Олег сразу же после встречи с Сашей позвонил Омаровым, чтобы увязать ряд тонкостей. По этому поводу скорее надо было говорить с Аллой Николаевной, ибо речь шла о тех, с кем он придет. Берков, конечно, сомнений не вызвал, а упоминание о Саше даже вызвало в голосе Аллы Николаевны любознательный восторг:
— Ах, мы слышали… слышали… Он из этих… эзотериков. Как приятно. У нас еще никогда такие не были. Все знаете, писатели, поэты, художники. (Алла Николаевна запнулась, почувствовав неловкость)… Очень интересно.
Но кандидатура Лехи Закаулова вызвала отпор: Олег предчувствовал это и потому звонил.
— Сами знаете, Олег Тимофеевич, я совершенно не против странных и забубенных личностей, — сказала она. — Но всему есть мера. Я знаю это по опыту.
— А что такое?
— У нас же было несколько скандалов. Кричали во время чтения. Били дорогую посуду. А вашего Закаулова, между прочим, я видела совсем недавно.
— Где?
— В трамвае. И знаете, что он делал? Он стоял один на площадке вагона и вливал себе в горло пол-литра водки. Пассажиры прямо оцепенели, глядя на него. И потом он подходит ко мне, выпивает все это и начинает за мной ухаживать. Что, мол, я так много о вас слышал, и о вас, и о Владимире Александровиче… А сам стоит и покачивается. Кошмар какой-то!
— Алла Николаевна, а если я за него поручусь? Прослежу, чтобы он не пришел к вам пьяный и у вас не пил бы особенно? Когда он не пьет, он тихий.

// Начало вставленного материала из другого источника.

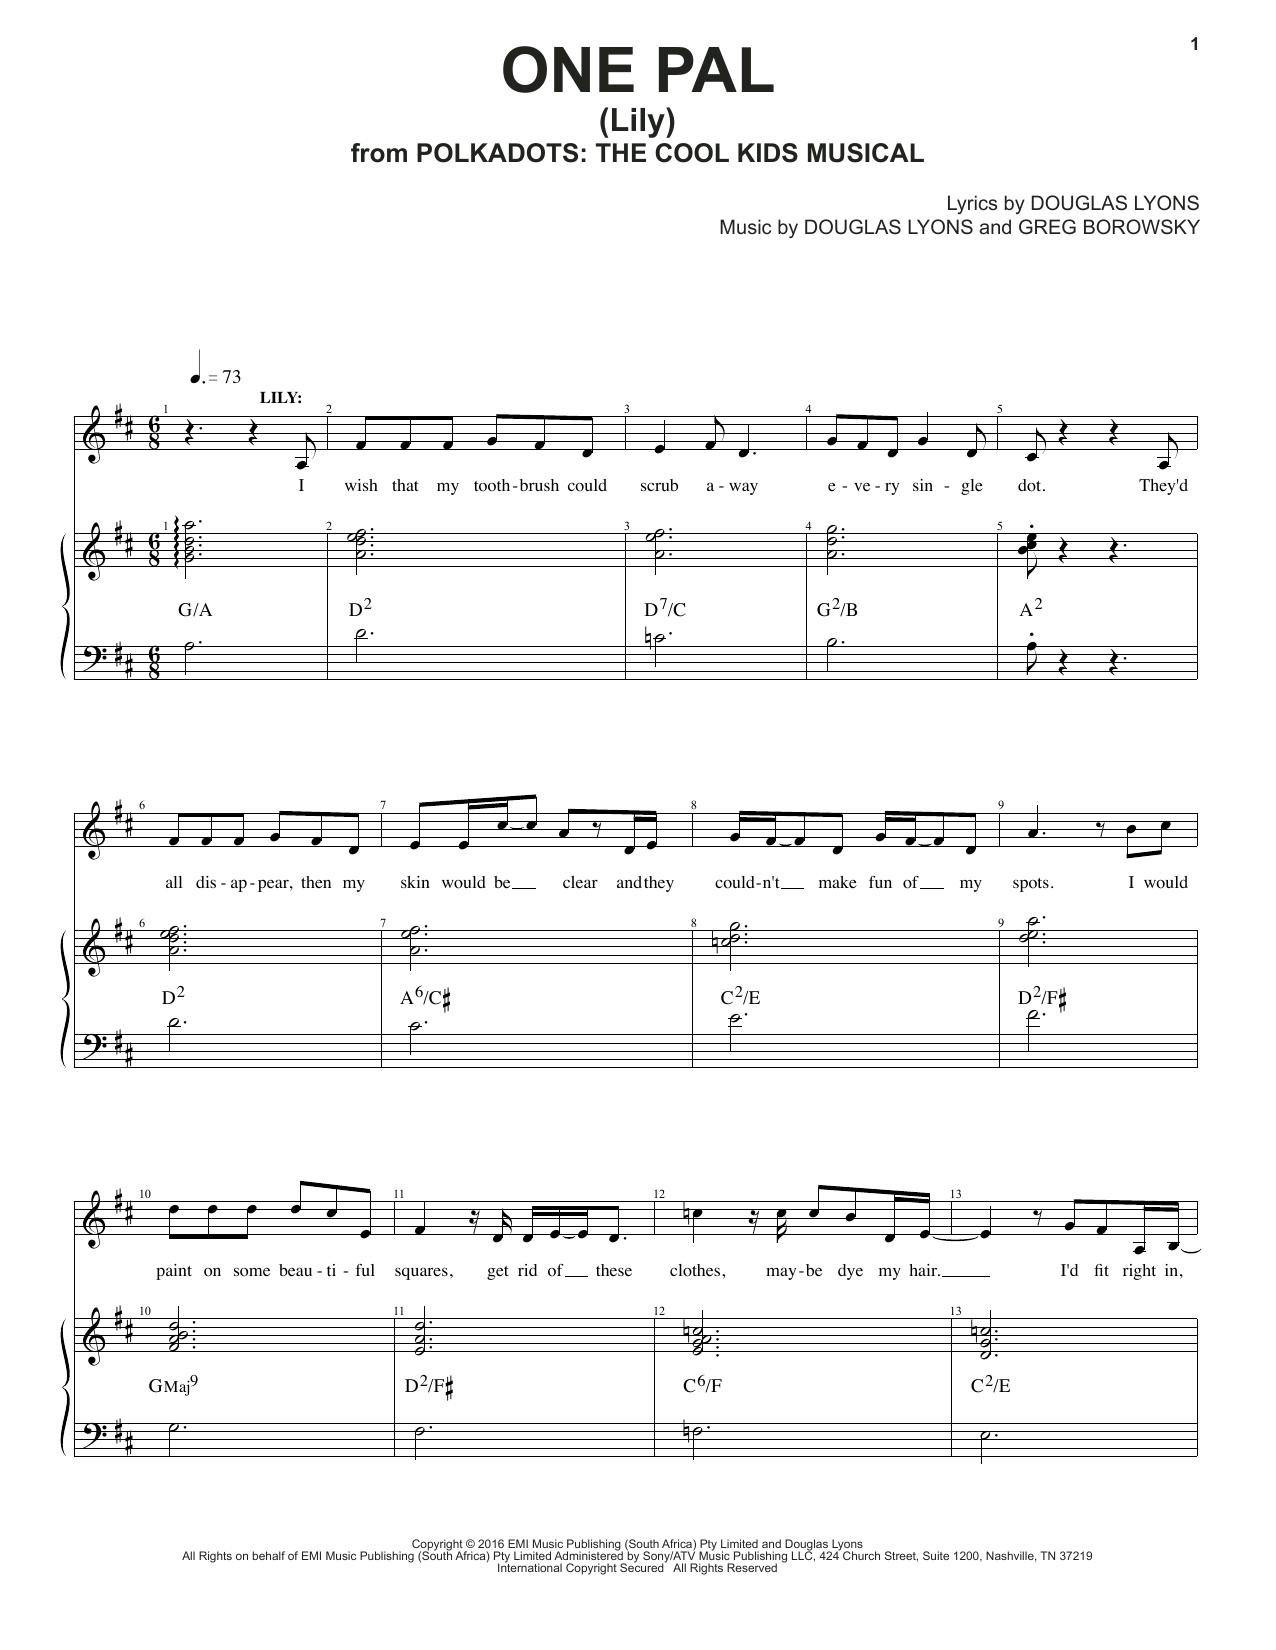 One Pal Sheet Music

— Тихий! — возмутилась Алла Николаевна. — А вы, его старый друг, видели хоть раз в жизни его трезвым, чтоб говорить, какой он тогда — тихий или буйный?

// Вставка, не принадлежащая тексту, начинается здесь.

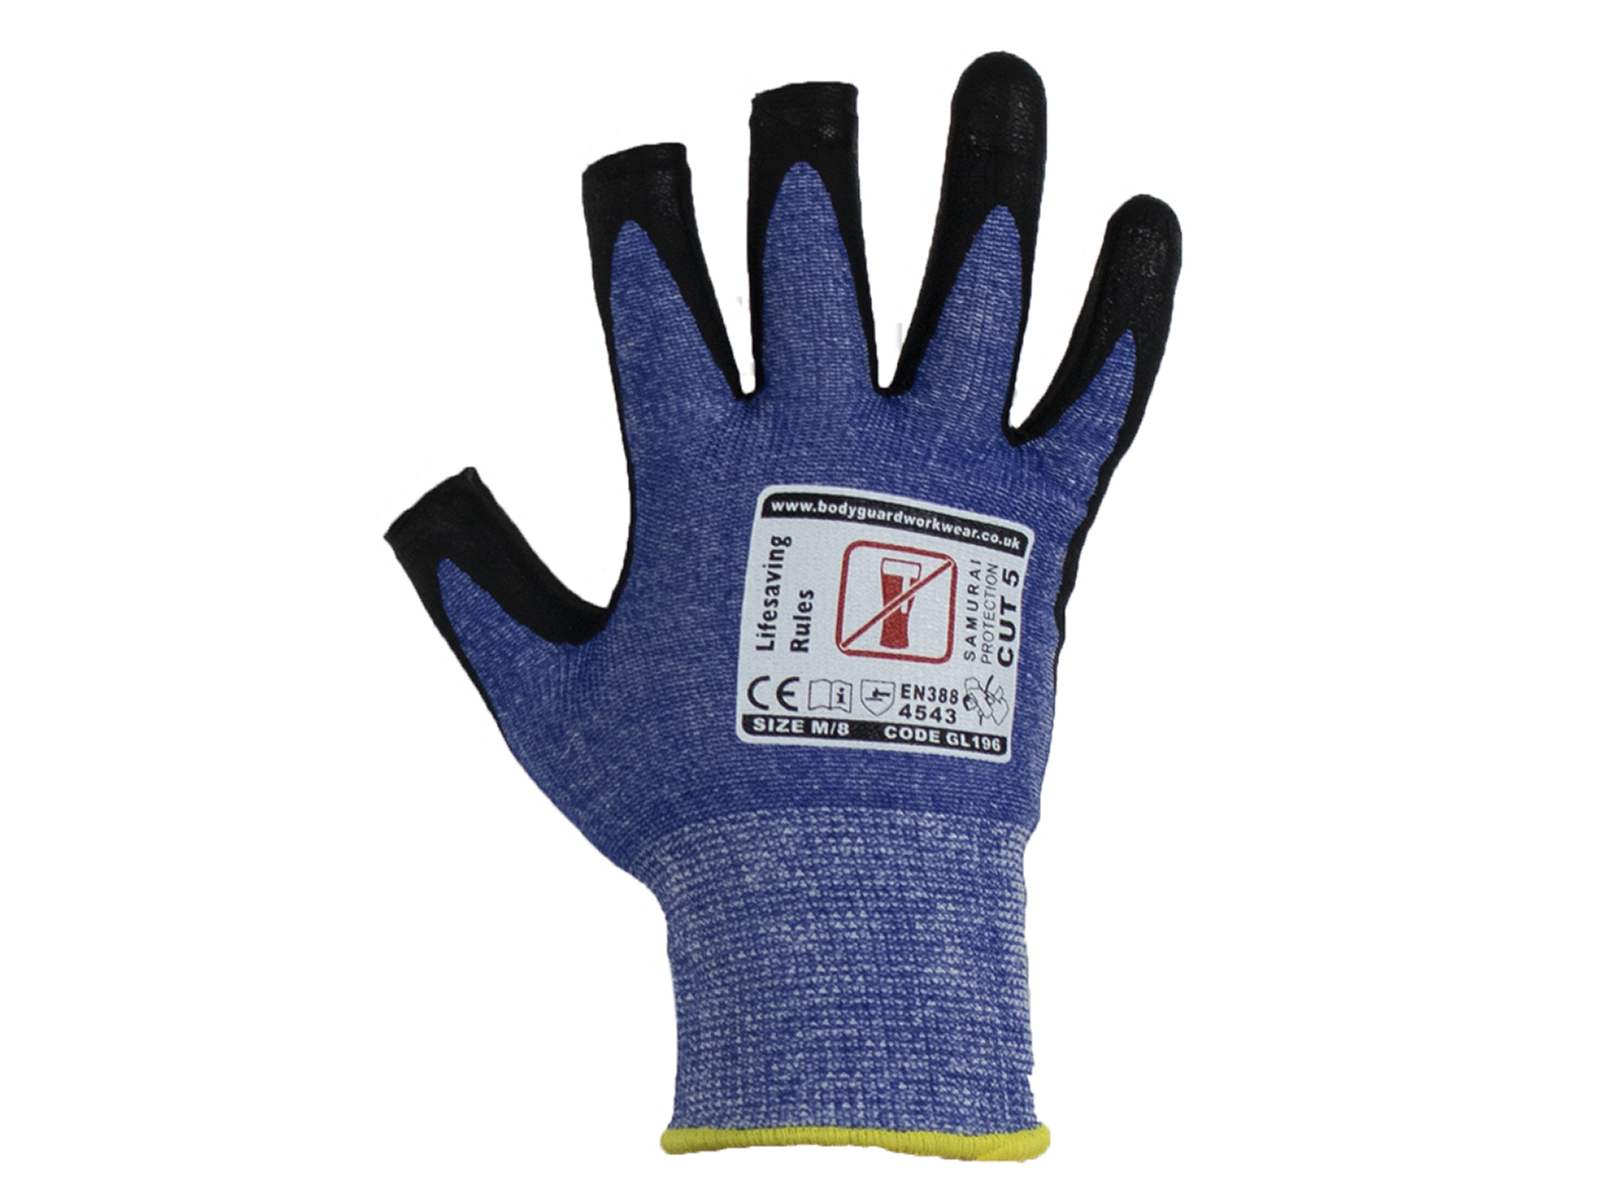 3 Digit Samurai Lite Cut 5 Safety Glove w/ fingertip contact- Multipack

— Бывало. И сейчас все чаще бывает.
— Нда, вы знаете, жалко, конечно. Это так разрушает личность: неврастения, психопатия, истерия — все может быть в таких случаях. А ведь незаурядная личность, очень духовный человек, говорят.
— Так вот, Валя Муромцев тоже сильно пьет, но вы его пригласили…
— Ну, что вы, разве можно сравнивать! Валя пьет много, но аккуратно, совсем по-иному. Это всем известно. А главное, читает свои вещи почти трезвый.
Все-таки Олегу удалось уговорить Аллу Николаевну… Потом он позвонил Тоне Ларионовой и уехал к ней ночевать, чтобы на следующий день вместе с ней отправиться к Омаровым…
Большие вечера у Омаровых, как правило, сопровождались выступлениями неконформистских авторов. На этот раз предполагался подпольный писатель Геннадий Семенов, пишущий про идиотов. Но внезапно Владимир Александрович внес изменения: он попросил почитать и Валю Муромцева, чтобы состоялся таким образом вечер сразу двух именитых, прозаиков. «Покойники и идиоты — тема вполне для эстетского вечера», — посмеивалась Алла Николаевна.
Расписание было таково: с шести до семи тридцати промежуточное время, медленный сбор всех приглашенных; затем — к столу; а уже потом — чтение; после чтения — дискуссии, чай и больше вина.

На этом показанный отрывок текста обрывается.